- Directed by: Carlo Ludovico Bragaglia
- Written by: Jacques Companéez; Vitaliano Brancati; Aldo De Benedetti; Agenore Incrocci; Vittorio Nino Novarese;
- Produced by: Raymond Borderie; Lucien Masson;
- Starring: Silvana Pampanini; Henri Vidal; Eva Bartok;
- Cinematography: Luciano Tonti
- Edited by: Roberto Cinquini
- Music by: Renzo Rossellini
- Production companies: Fono Roma; La Société des Films Sirius; Meteor-Film;
- Distributed by: CEI Incom
- Release date: 8 October 1954;
- Running time: 100 minutes
- Countries: Italy; France; West Germany;
- Language: Italian

= Orient Express (1954 film) =

1954 drama film

Orient Express is a 1954 drama film directed by Carlo Ludovico Bragaglia and starring Silvana Pampanini, Henri Vidal, Folco Lulli, Eva Bartok, and Curd Jürgens. It was made as a co-production between Italy, France and West Germany.

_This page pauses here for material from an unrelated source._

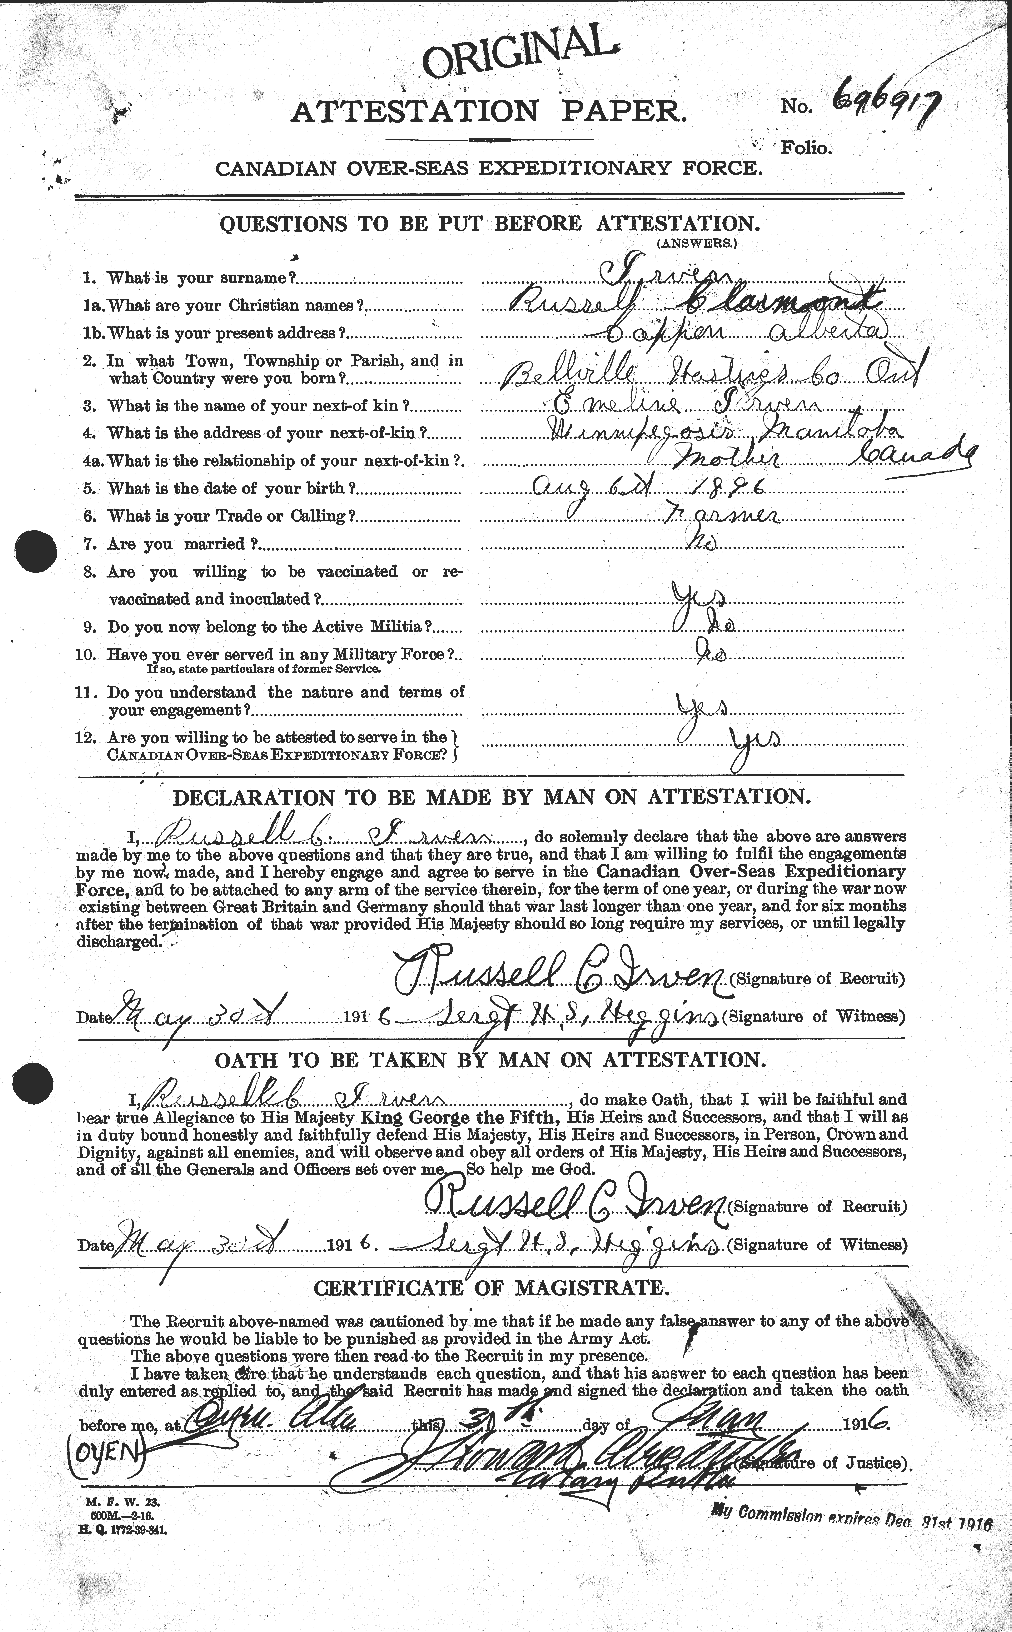 Dossiers du Personnel de la Première Guerre mondiale - CEC 417168a

It was shot at the Farnesina Studios of Titanus in Rome and on location in the Dolomites. The film's sets were designed by the art director Ottavio Scotti.

==Plot==
The plot revolves around a two-day stop at a village in the Alps by passengers on the Orient Express.

== Reviews ==
The national and international reviews were mostly bad. Below are three examples:

"Intermezzo" wrote: "The Italian and German film industries collaborated in the production of this film, which, judging by the results, did not deserve so much fervor of international activity."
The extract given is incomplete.